Revista o electricista

Evolução do consumo de gás natural em Portugal

Evolução do consumo de gás natural em Portugal

No final do século XX, o gás natural surgiu como uma alternativa na diversificação das fontes energéticas de Portugal e como fonte menos poluente que o carvão e o petróleo, tendo desde então contribuído para a descarbonização da economia. Foi tendo um papel cada vez mais relevante ao longo do tempo, servindo hoje como backup do sistema eletroprodutor. Este breve artigo analisa a evolução do consumo do gás natural em Portugal, na última década.

Mercado convencional vs mercado elétrico

Existem 2 grandes segmentos de mercado para o Gás Natural: o Mercado Elétrico e o Mercado Convencional. O primeiro inclui o gás natural utilizado exclusivamente para a produção de eletricidade, em centrais de ciclo combinado. O segundo é constituído pelo gás natural usado para os consumos doméstico e industrial.

Na última década tem existido uma alteração significativa no consumo de ambos os mercados, conforme mostrado na Figura 1. É notória uma diminuição do consumo no mercado convencional, desde 2021, e um aumento substancial do consumo no mercado elétrico, entre 2015 e 2017.

Figura 1. Consumo de gás natural nos mercados convencional e elétrico, desde 2013, em Portugal continental
Figura 1. Consumo de gás natural nos mercados convencional e elétrico, desde 2013, em
Portugal continental (Fonte: REN).

É de notar também uma certa sazonalidade no consumo de gás, com o mercado convencional a consumir mais no Inverno e o elétrico a consumir mais no Verão. A que se deve este comportamento? Comecemos pelo mercado elétrico.
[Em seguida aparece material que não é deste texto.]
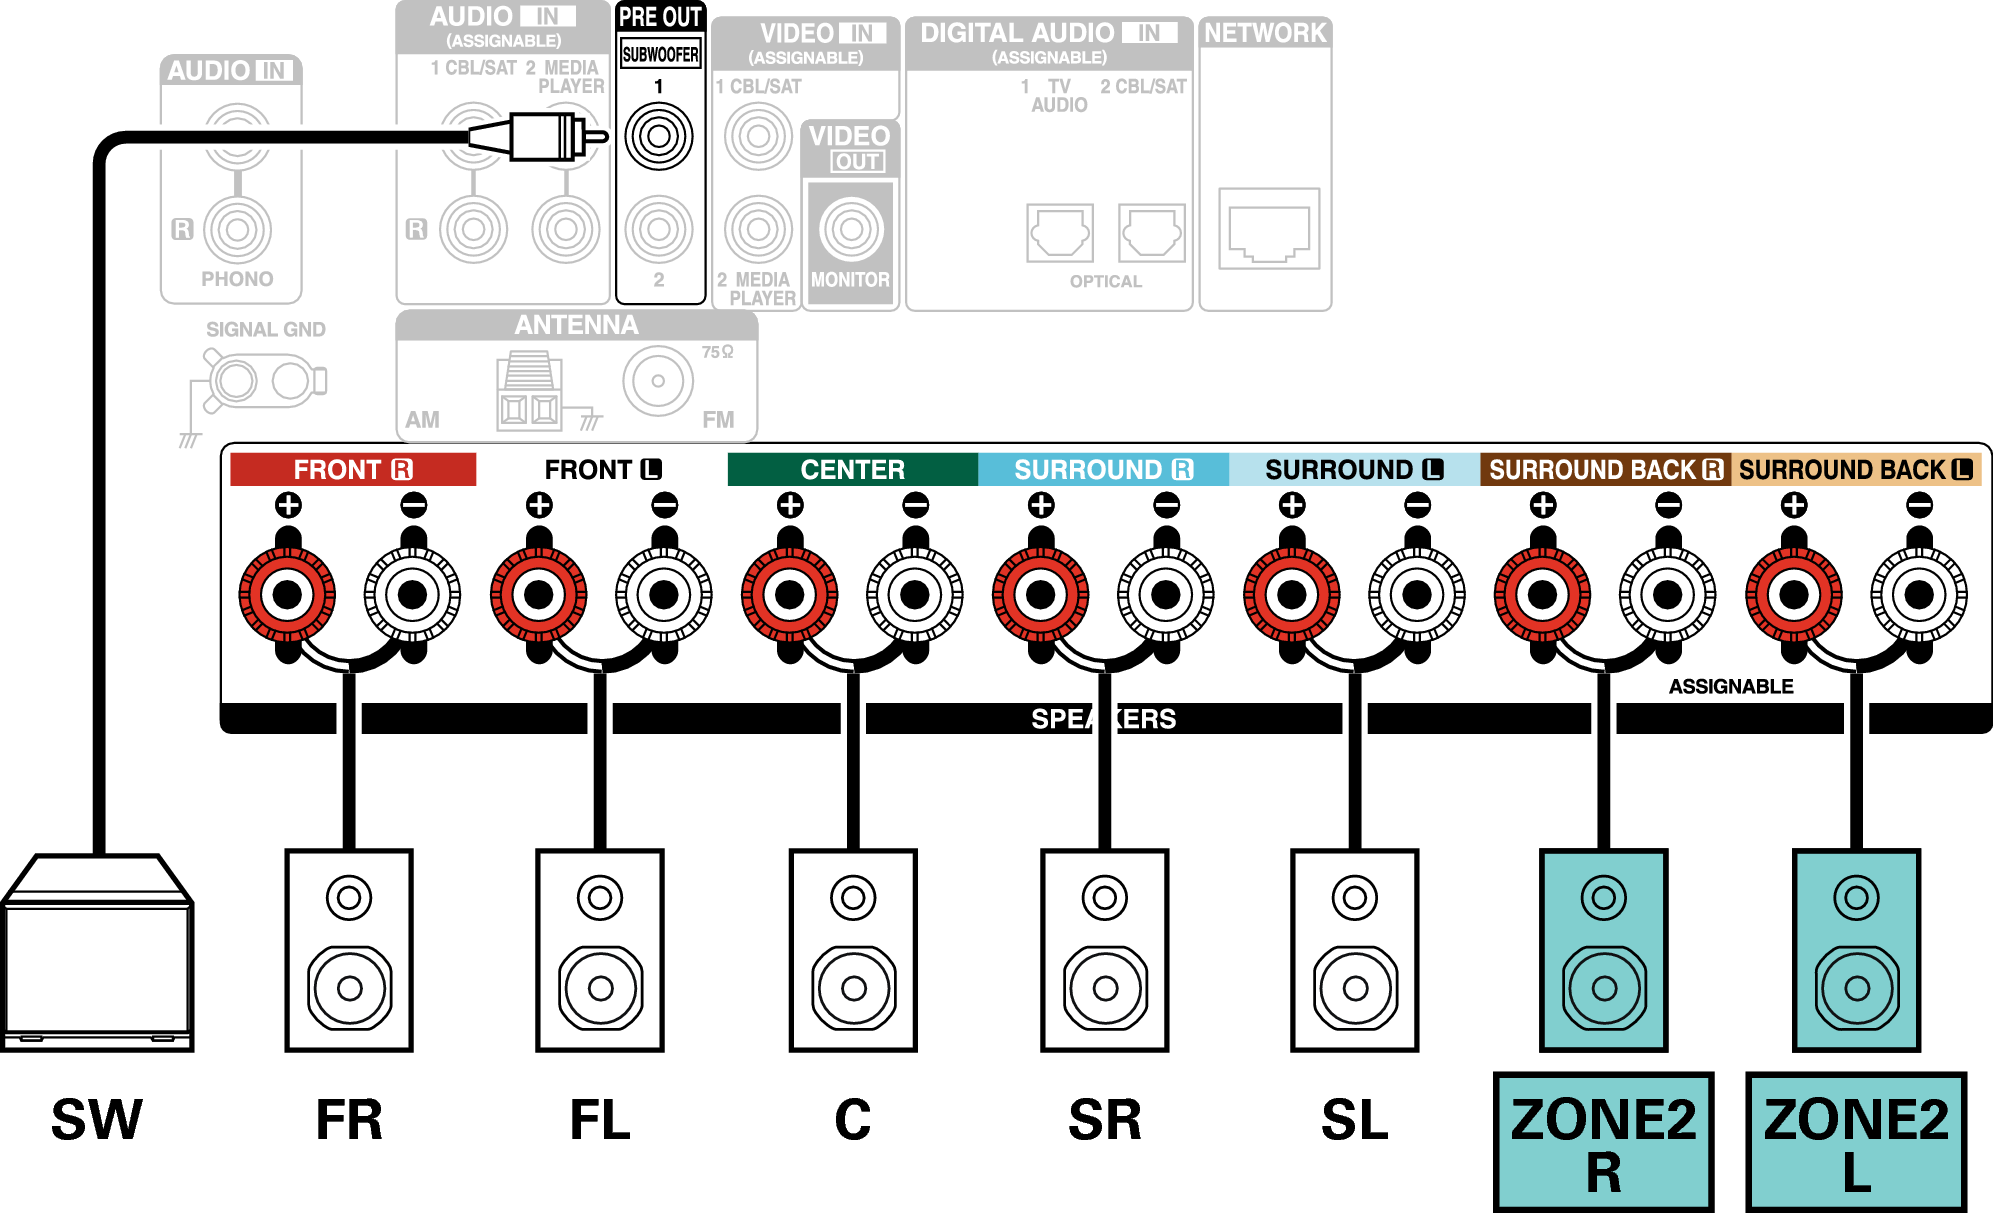 Conne SP 5.1 ZONE2 X15JP

Gás natural como substituto do carvão

O aumento do consumo de gás natural para produção de eletricidade coincidiu com a diminuição abrupta da utilização de outros combustíveis fósseis para a mesma finalidade, nomeadamente o carvão, conforme mostrado na Figura 2. Ao longo da última década o gás natural foi sendo introduzido como alternativa menos poluente ao carvão, tendo este sido utilizado pela última vez para produção de eletricidade em Portugal em novembro de 2021. Em 2023, até setembro, a restante térmica representou apenas 1,8% da produção não renovável.

Devido à variabilidade na disponibilidade das energias renováveis, e consequente diminuição da produção no verão (devido à menor produção combinada das fontes eólica e hídrica nesta altura do ano), a utilização do gás natural no setor elétrico acaba por ser maior no Verão que no Inverno.

Figura 2. Produção de eletricidade e saldo importador, desde 2013, para Portugal continental
Figura 2. Produção de eletricidade e saldo importador, desde 2013, para Portugal continental
(Fonte: REN).

Gás natural como proxy da pandemia e da guerra na Europa?

Ao contrário do mercado elétrico, o mercado convencional tem visto uma redução do consumo entre 2021 e 2022. Analisando por setor, conforme presente na Figura 3, nota-se uma marcada diminuição do seu uso nos setores da indústria (-9%) e doméstico (-7%). Apesar do setor dos serviços manter o consumo (+0,6%) e os setores da agricultura, pescas e transportes aumentarem (+16%), 2022 fechou com uma diminuição de 7% no consumo de gás natural.

Figura 2. Produção de eletricidade e saldo importador, desde 2013, para Portugal continental (Fonte: REN).
Figura 3. Produção de eletricidade e saldo importador, desde 2013, para Portugal continental
(Fonte: REN).

Esta diminuição ocorreu paralelamente com a pandemia, numa fase inicial, e com o aumento dos preços do gás natural após a invasão da Ucrânia pela Rússia, mais recentemente. Ambas as circunstâncias levaram a uma redução da atividade industrial em Portugal. A redução do consumo do setor doméstico deve-se essencialmente à segunda causa.

Ainda sobre este mercado, a que se deve a sazonalidade do consumo, notória na Figura 1? Essencialmente ao consumo doméstico, maior no inverno para aquecimento das casas. Em jeito de conclusão deste breve artigo, e reconhecendo que o aumento ou diminuição do consumo de gás natural não pode ser limitado a um conjunto reduzido de motivos, não deixa de ser interessante pensar no papel que esta fonte de energia terá no futuro, em Portugal e no mundo. Será o futuro elétrico? Irá o hidrogénio desempenhar um papel crucial no mix energético? Sejam quais forem as respostas a estas perguntas, a ADENE estará cá para a acompanhar, com toda a energia!